Dialoghi e percorsi per promuovere una crescita equa e sostenibile

Incubatore Coeso

Per parlare di coesione sociale siamo partiti dalle storie, realizzando una mappatura di buone pratiche, progetti, realtà nati dal basso o dalle istituzioni che raccontano, a volte meglio dei numeri, cosa significa fare coesione sociale in Italia. Abbiamo provato a raccontarle, attraverso interviste, articoli, video e immagini. La sezione è in continuo aggiornamento.

L’ortoparco Santa Maria

L’ortoparco Santa Maria

La Permacultura nel rispetto della Terra, delle Persone e del Consumo Equo
L’orto condiviso realizzato a Reggio Emilia nel Parco Santa Maria, con il contributo del Comitato cittadini di via Roma, in collaborazione con il Comune di Reggio Emilia.

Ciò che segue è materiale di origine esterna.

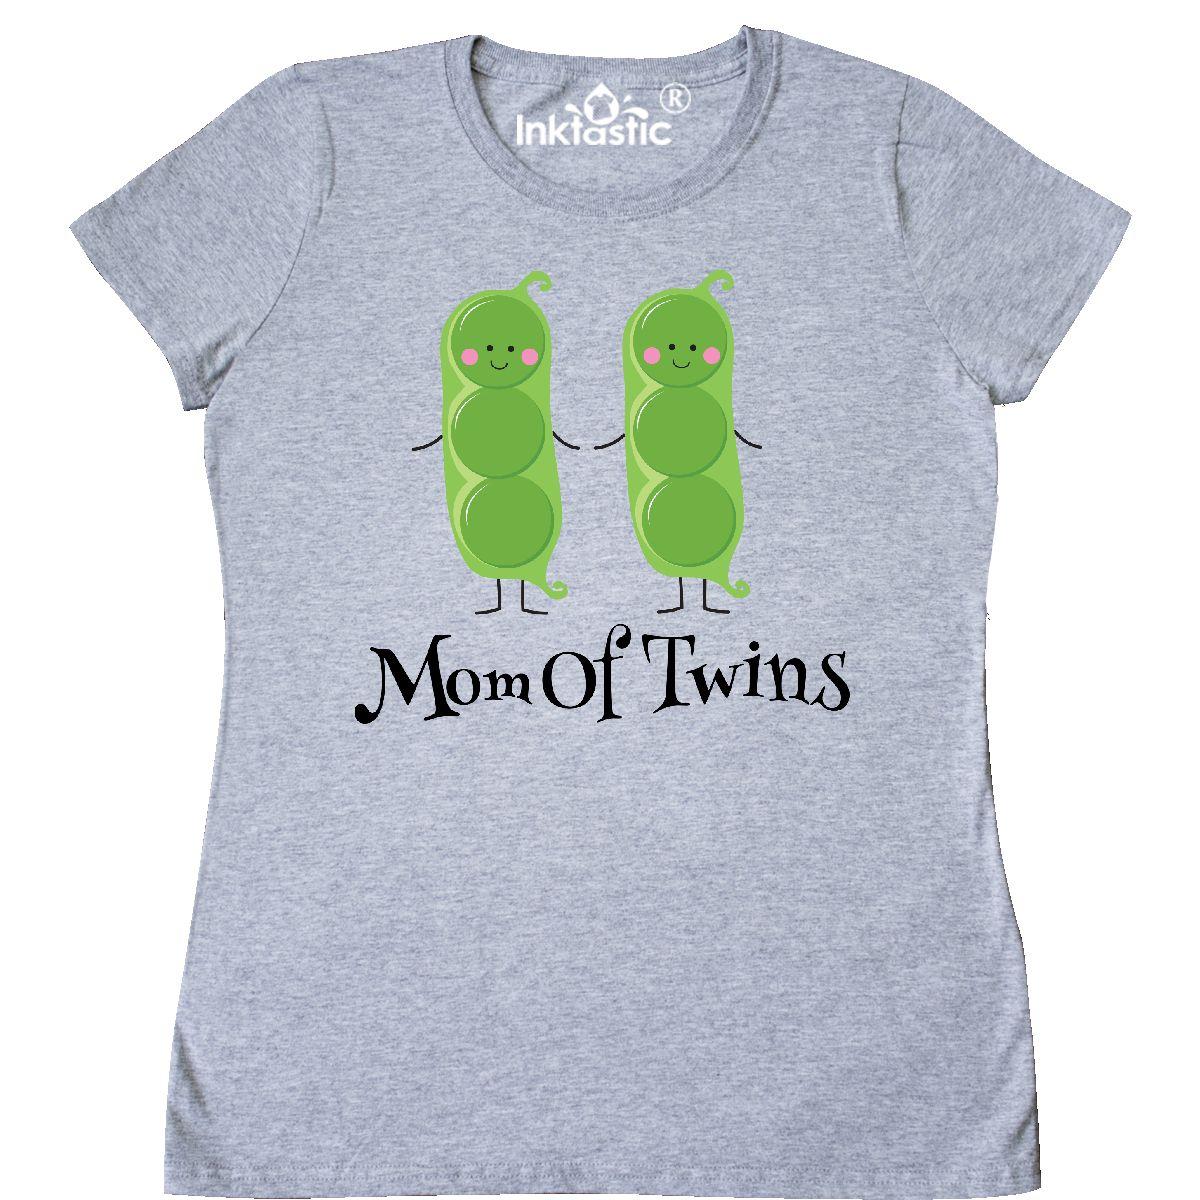 b09e1ea02c14c Inktastic Mom Of Twins Pea Pod Babies Women's T-Shirt Mother Twin ...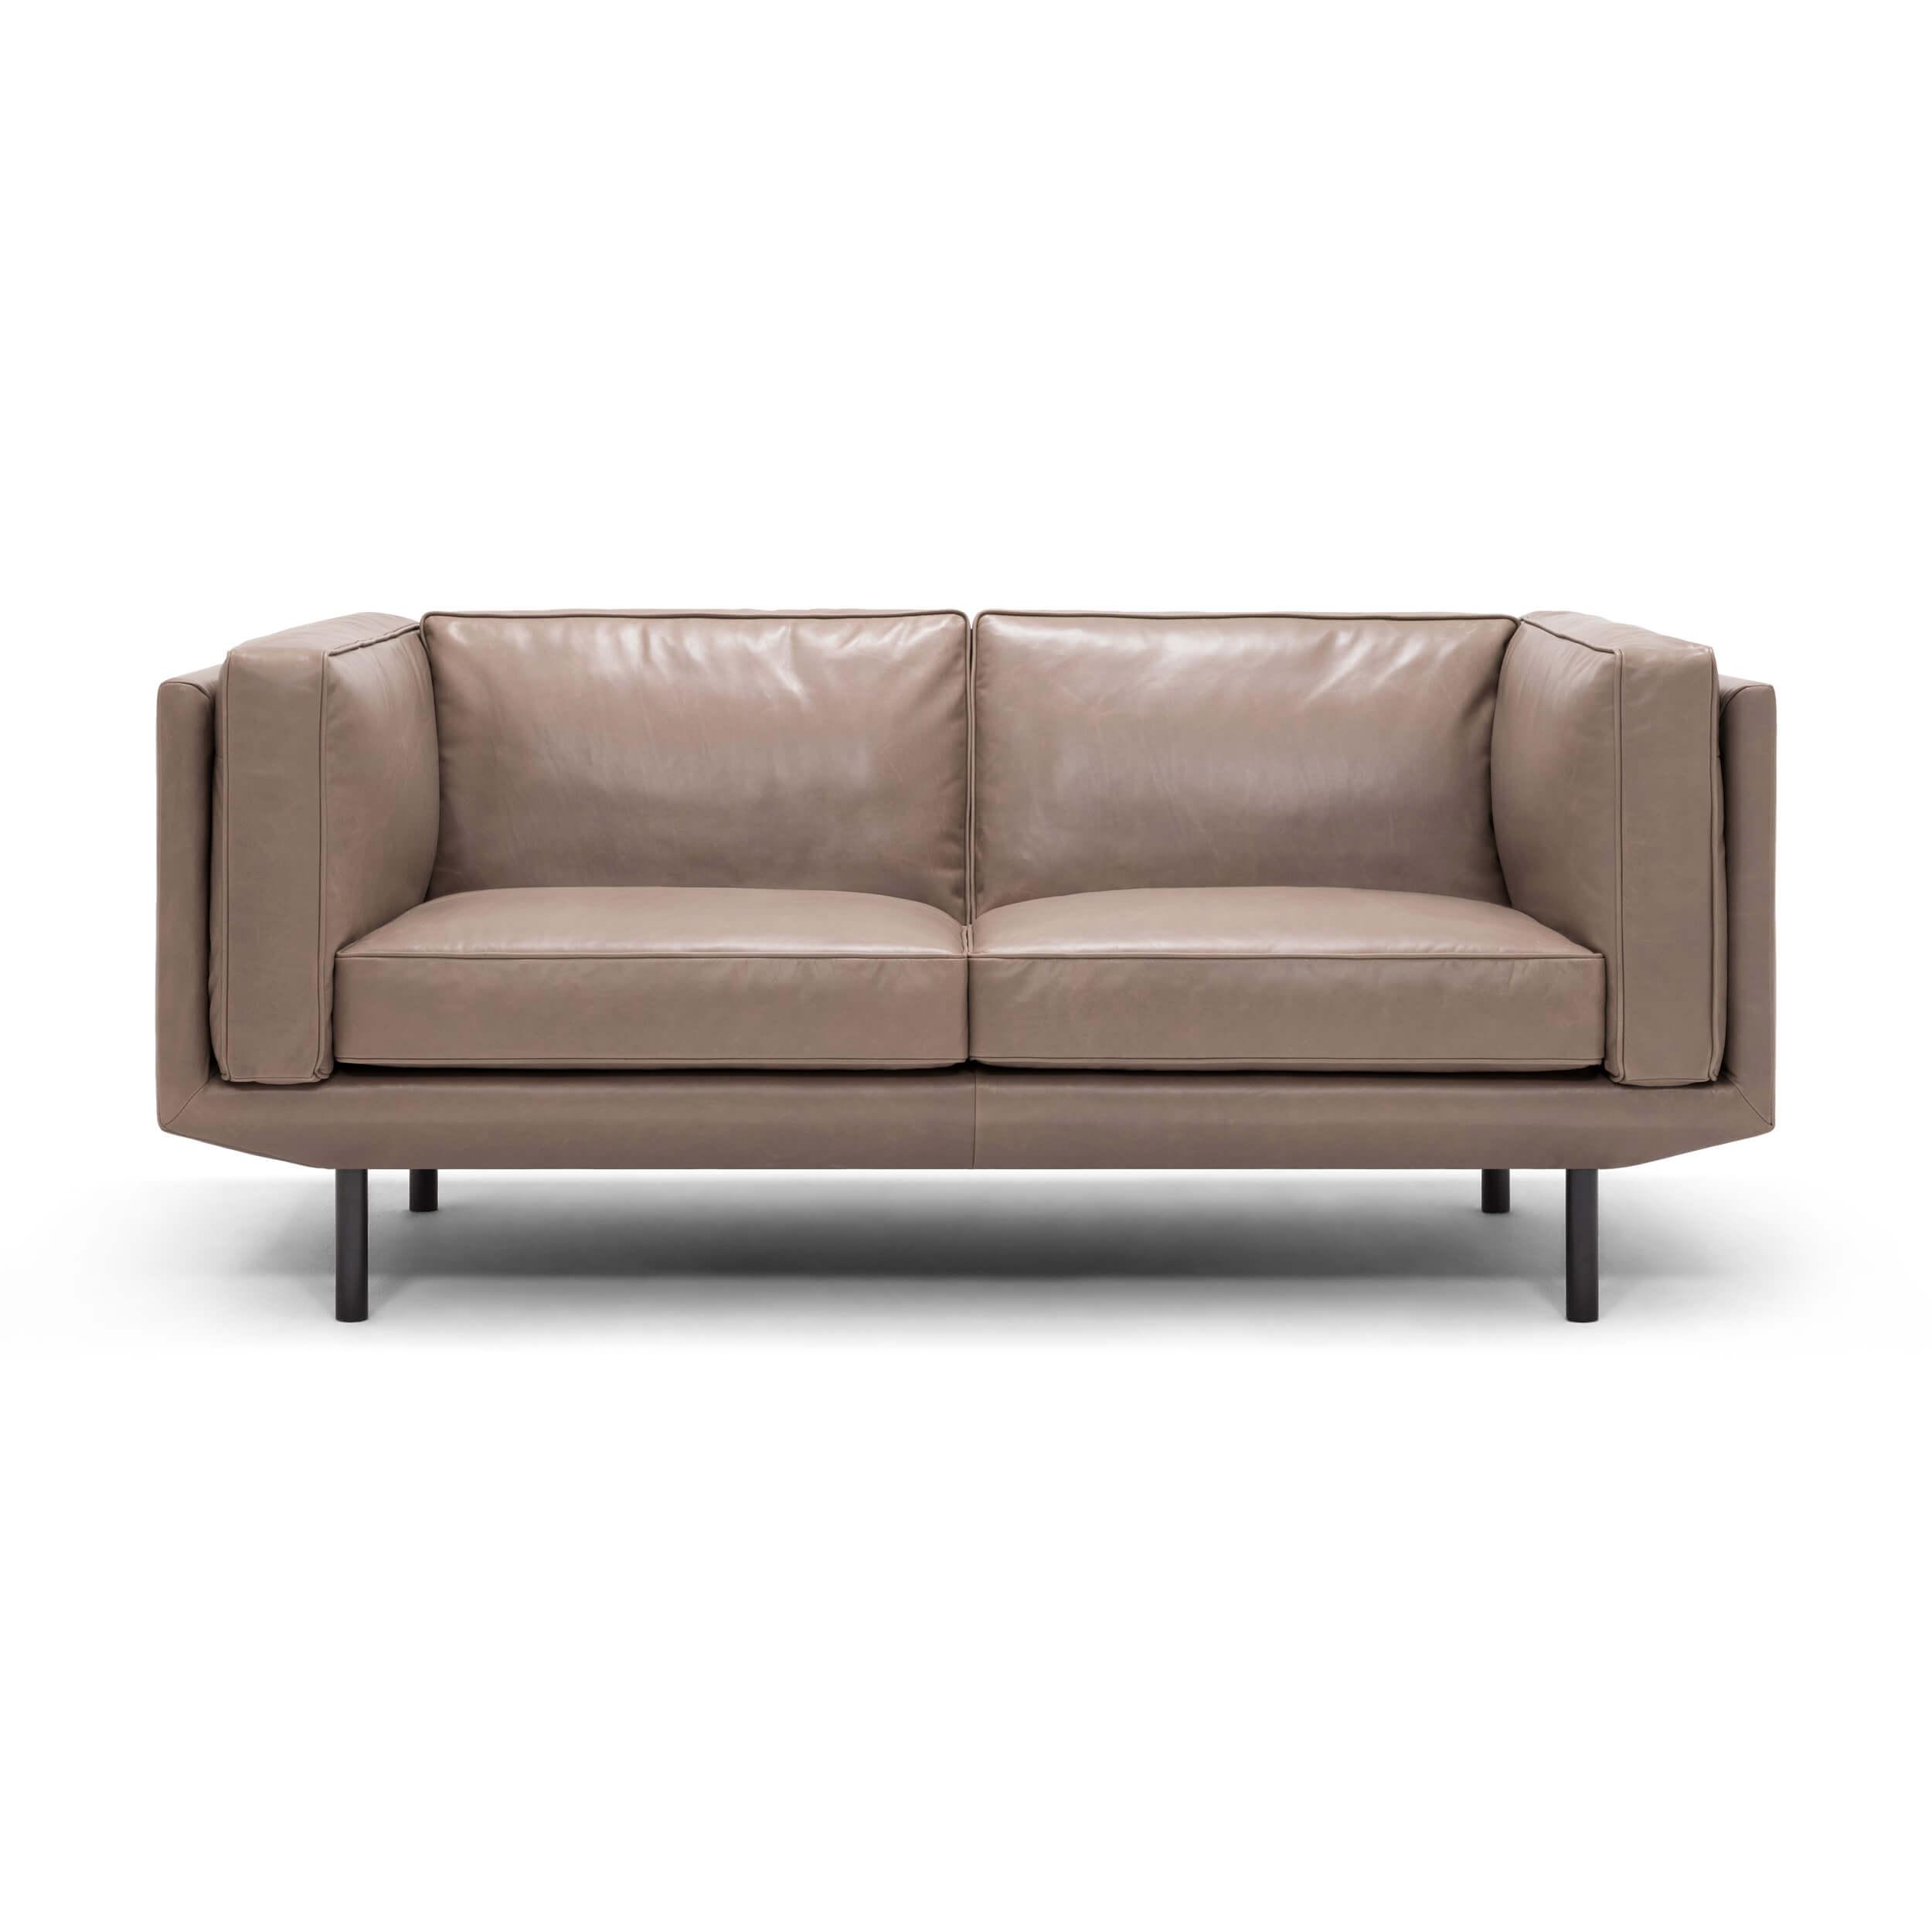 Plateau Loveseat - Leather

L’orto condiviso realizzato a Reggio Emilia nel Parco Santa Maria, con il contributo del Comitato cittadini di via Roma, in collaborazione con il Comune di Reggio Emilia (progetto QUArtiere Bene Comune), è un orto senza recinzioni fruibile da tutti i cittadini, ma gestito da un gruppo di volontari sensibili alla cura del bene comune del proprio quartiere, che cerca di valorizzare gli spazi comuni per metterli a disposizione di tutti, creando così un luogo di integrazione, scambio e socialità attorno la pratica dell’orto.

Il metodo di coltivazione utilizzato è la Permacultura che permette di progettare insediamenti agricoli simili agli ecosistemi naturali, e quindi in grado di mantenersi autonomamente e di rinnovarsi con un basso impiego di energia, nel rispetto della Terra, delle Persone e del Consumo Equo. “Integra invece di separare”, “usa e valorizza la diversità”, “reagisci ai cambiamenti ed usali in modo creativo” sono alcuni dei principi dell’agricoltura permanente che i cittadini di via Roma hanno cercato di mettere in pratica.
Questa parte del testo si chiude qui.